Gains in the so-called Aussie were maintained after the central bank said economic growth is likely to accelerate this year even if policy makers are forced to raise interest rates by another three quarters of a percentage point. The two South Pacific currencies headed for weekly declines versus the U.S. dollar before the a report today forecast to show payrolls in the world’s largest economy rose by 15,000 last month, improving prospects for interest-rate increases by the Federal Reserve.
“The Aussie fell off a cliff yesterday so we’re seeing a bit of a recovery, but things are still fragile,” said Joseph Capurso, a currency strategist at Commonwealth Bank of Australia in Sydney. “The risk to the market is that you get a bigger than 15,000 payrolls increase tonight so that pushes the U.S. dollar up and the risk currencies lower.”
Australia’s currency rose 0.7 percent to 77.56 yen as of 4:57 p.m. in Sydney, trimming its weekly decline to 2.8 percent. It yesterday touched 76.23 yen, the lowest since July 22. The currency bought 86.62 U.S. cents from 86.46 cents yesterday and is set to drop for a fourth week, the longest stretch of declines in a year.
New Zealand’s dollar rose to 61.64 yen from 61.20 yen yesterday, and down from 63.28 yen on Jan. 29 in New York. It bought 68.85 U.S. cents from 68.73 cents, set for a 1.8 percent weekly decline.
Commonwealth Bank
Commonwealth Bank of Australia today lowered its forecast for the Australian dollar saying it will peak at 88 cents in the second quarter before ending the year at 85 cents. The Aussie’s second-most accurate forecaster in 2009 had previously expected a peak of 98 cents with the currency trading at 90 cents by December, according to Bloomberg data. It also said today that New Zealand’s dollar will probably trade at 70 cents through the first half of the year before ending 2010 at 71 cents.
Australia’s dollar also gained today after a report showed the nation’s building industry expanded in January at the fastest pace in two years amid rising demand for apartment, engineering and commercial construction.
RBA Statement
The Reserve Bank of Australia said today in its quarterly policy statement that the economy will be growing at an annual pace of 3.25 percent in the three months through December 2010, up from 2 percent last quarter. Officials based their prediction on an assumed increase in the overnight cash rate target to 4.5 percent at the end of 2010.

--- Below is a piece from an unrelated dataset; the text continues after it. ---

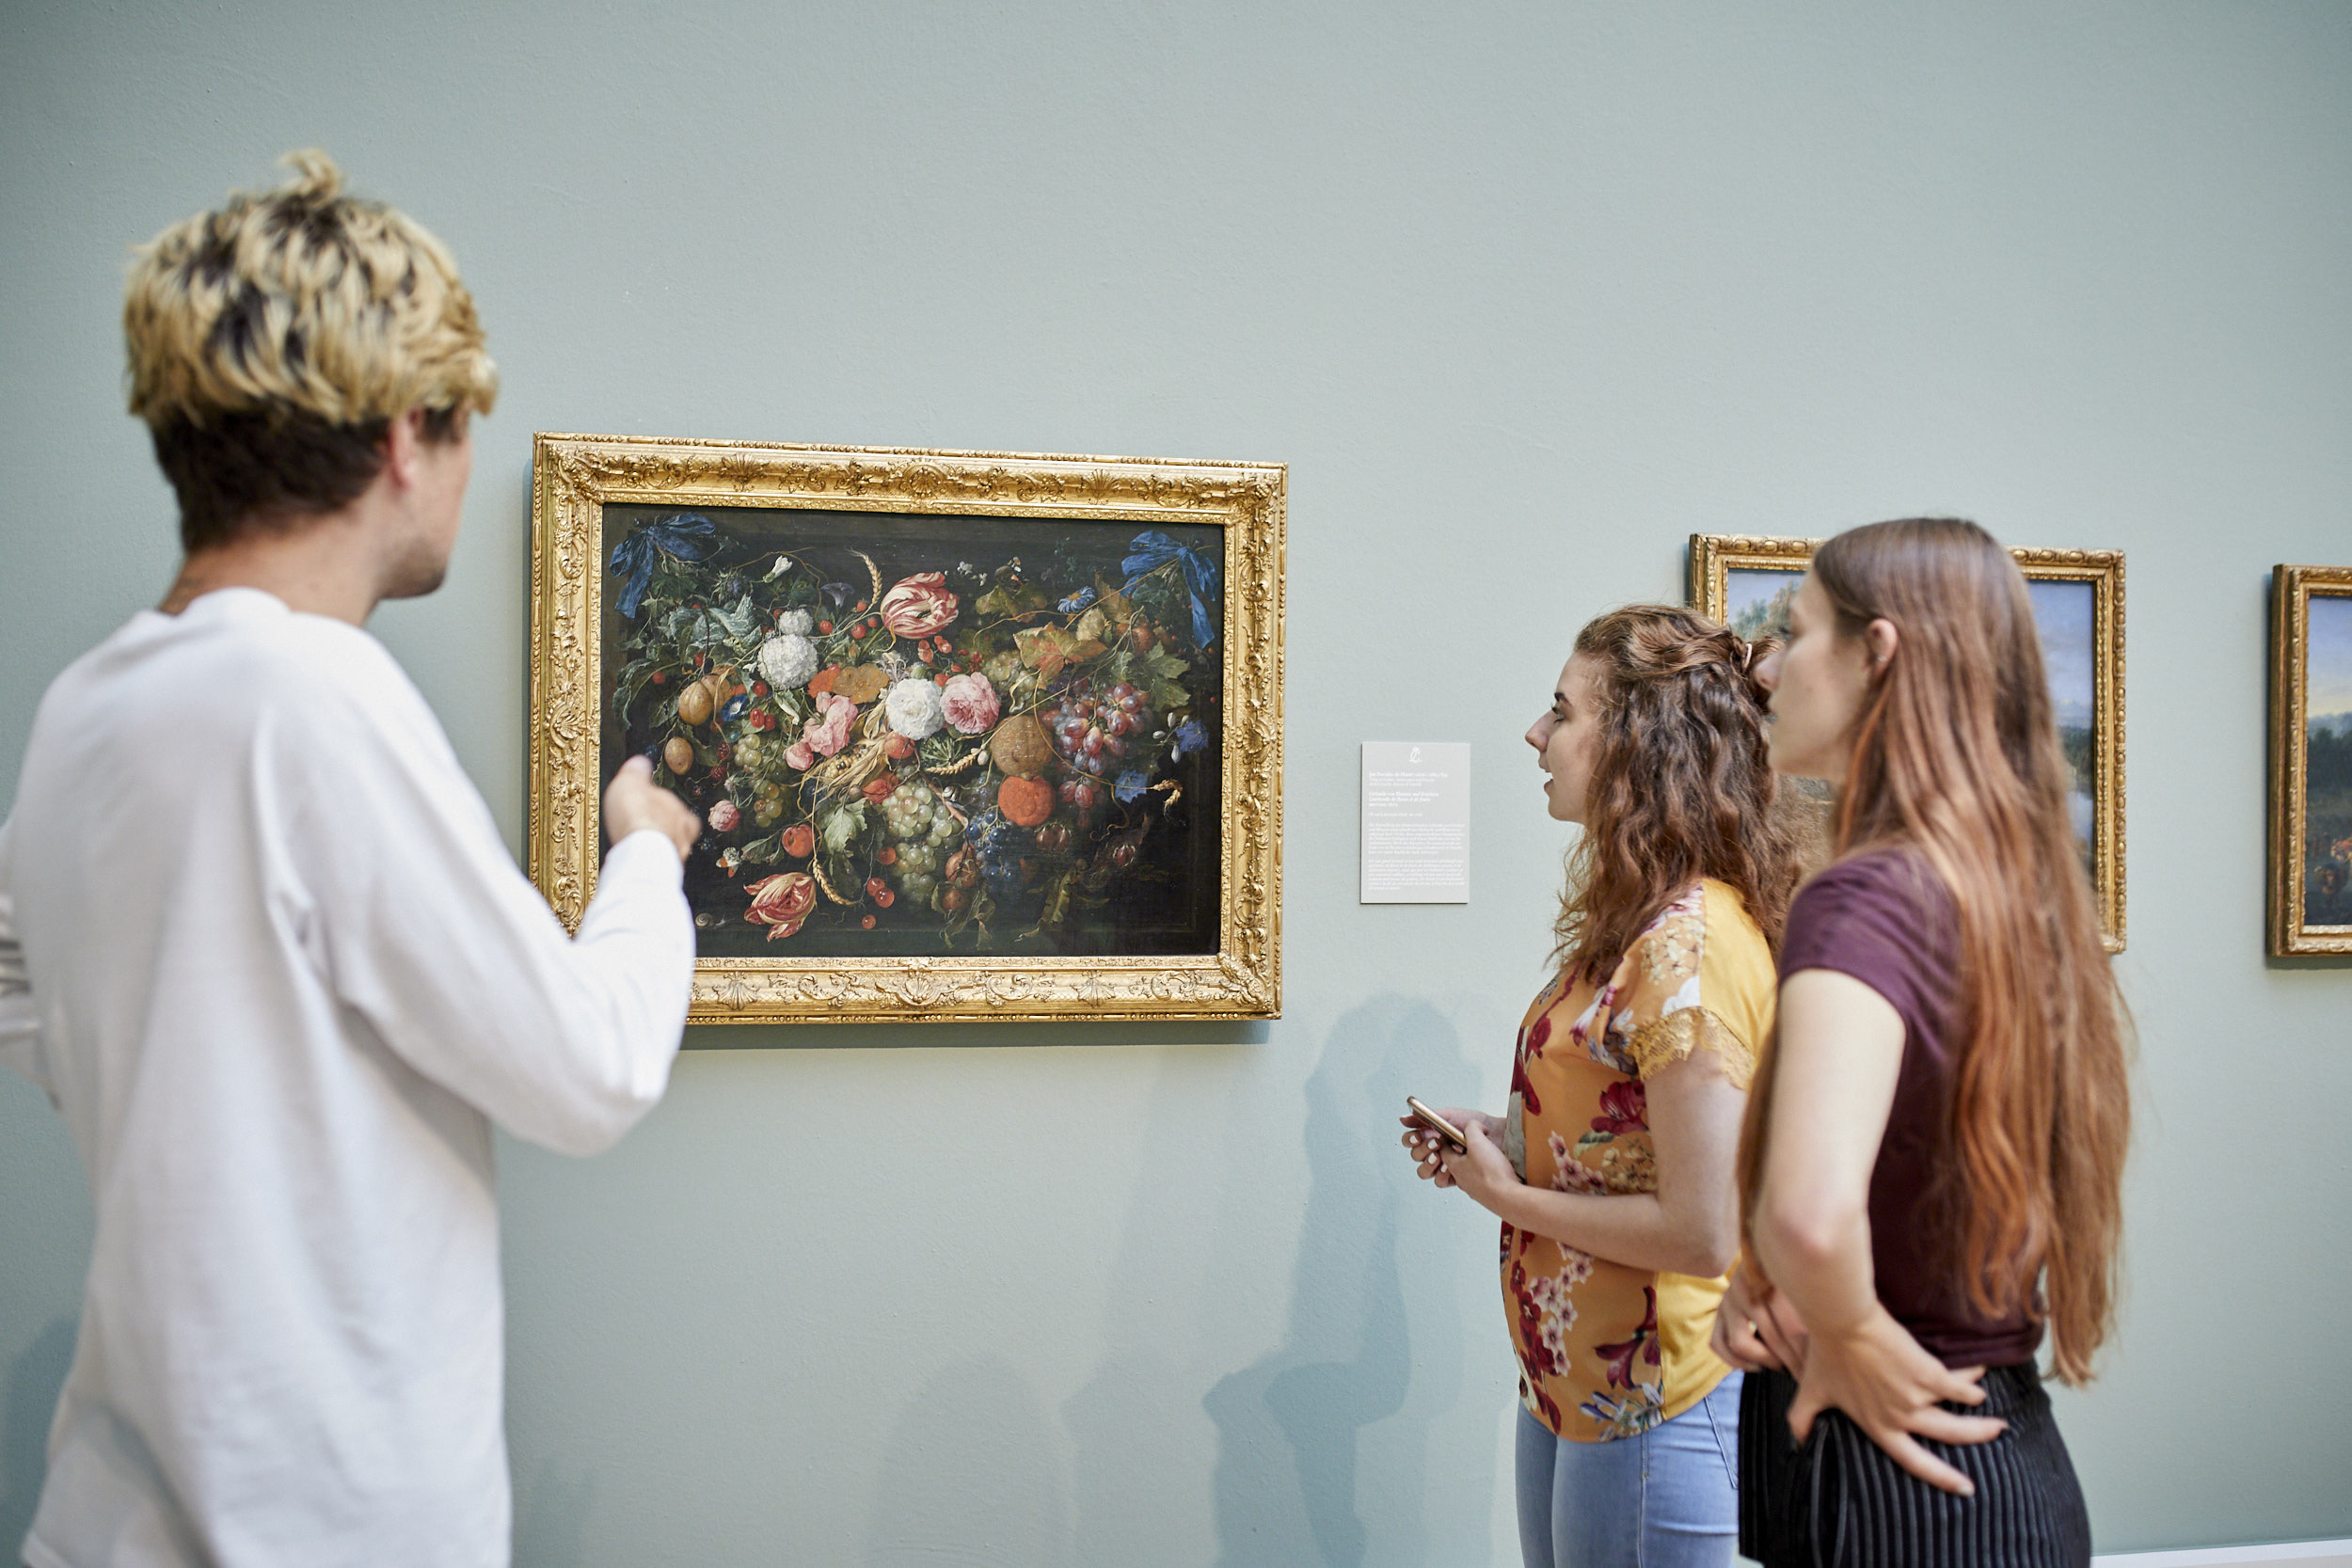 Blick in die Ausstellung, in der sich junge Personen umschauen und ein Blumenstillleben betrachten.

That 4.5 percent level is “basically what the market has got priced,” said Capurso. Australia’s dollar risks a decline below 86 cents and 76 yen on a better U.S. jobs report, he said.
Benchmark interest rates are 3.75 percent in Australia and 2.5 percent in New Zealand, compared with 0.1 percent in Japan and as low as zero percent in the U.S., attracting investors to the South Pacific nations’ higher-yielding assets. The risk in such trades is that currency market moves will erase profits.
Both South Pacific nations’ dollars are the worst performers against the yen this week among the 16 most-traded currencies as global stocks and prices of commodities slid.
‘Big Problems’
Investors sold higher-yielding assets on deepening concern over budget deficits in some European nations. Portugal and Greece yesterday led a surge in the cost of insuring against losses on sovereign debt as a crisis of confidence in Europe forced Spain’s government to increase the amount it pays to borrow. The MSCI World Index and the Reuters/Jefferies CRB Index of commodities are both headed for a fourth weekly decline.
“The big problems coming to the fore are the sovereign risks in play,” said Matthew Brady, executive director for foreign exchange at JPMorgan Chase & Co. in Sydney. “With equity markets falling and commodities faltering, Japanese retail margin accounts have started to exit long positions” betting on gains in currencies such as the Australian and New Zealand dollars, he said. The Aussie will find buyers at 85.80 cents and then 83 cents, he said.
Australian government bonds rose for a second day. The yield on 10-year notes fell six basis points, or 0.06 percentage point, to 5.39 percent, according to data compiled by Bloomberg. The price of the 5.25 percent security due March 2019 gained 0.42, or A$4.20 per A$1,000 face amount, to 99.01.